The third or fourth installment which covers the shuttle missions is particularly hard to watch, because you know that two crews and shuttles are going to be lost. And of course, unlike the days of Apollo when Grissom, Chaffee, and White perished, you’ve got non-test pilots, literally “ordinary” people in space.
The Columbia disaster was hardest for me to watch. I’m going to choose these words carefully, but what is saddest about Columbia to me is that the crew represented what America so completely. It was a racially, ethnically, gender diverse crew, quite far removed from the test pilot days of Mercury to Apollo. Scientists and doctors were in the ranks. It just hit me particularly hard. Of course the Apollo and Challenger accidents were just as devastating.

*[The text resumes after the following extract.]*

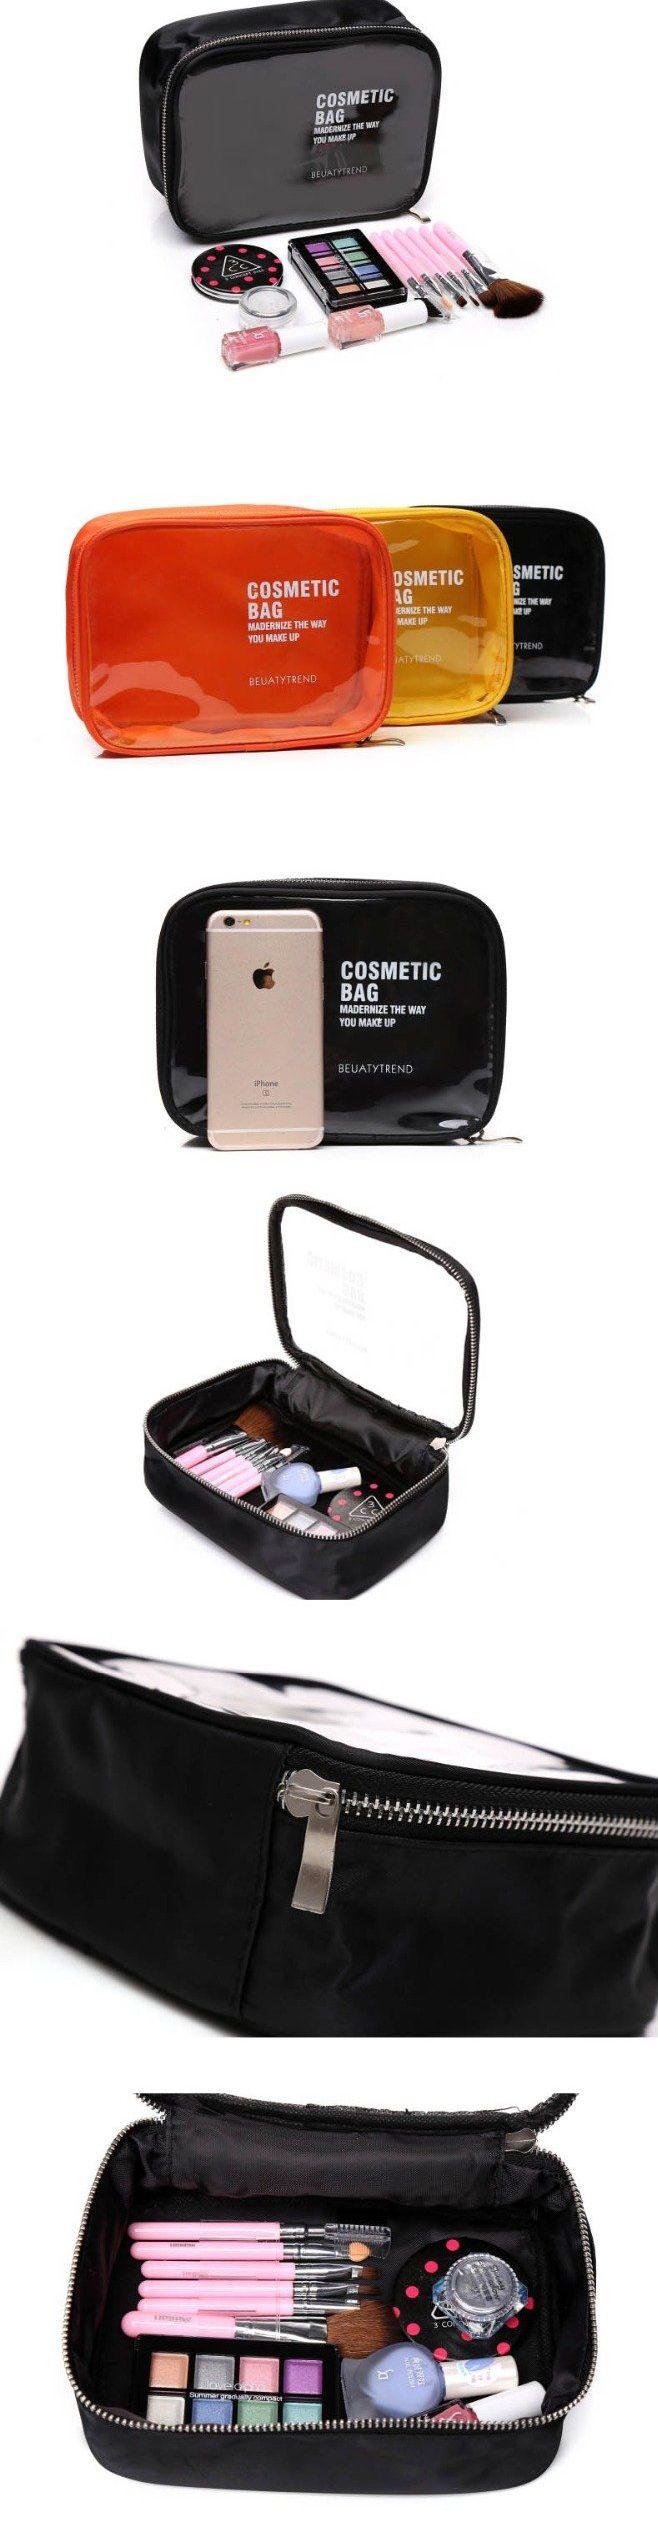 Bolsa de cosmética

Anyway, it’s a brilliant series and I might purchase the Blu-Ray DVD - the images are stunning. The one thing that I sort of regret about being my age is that I was born just as we were going to the moon for the last time. I remember watching Columbia launch when I was a kid in Florida - which was huge, but it must have been amazing to see us get closer and closer to landing on the moon. This series sort of made it possible for us post-Sixties kids to get a sense of what it must have been like to live during that time.
Basically, it’s space program porn… set your DVRs to get it if you haven’t already.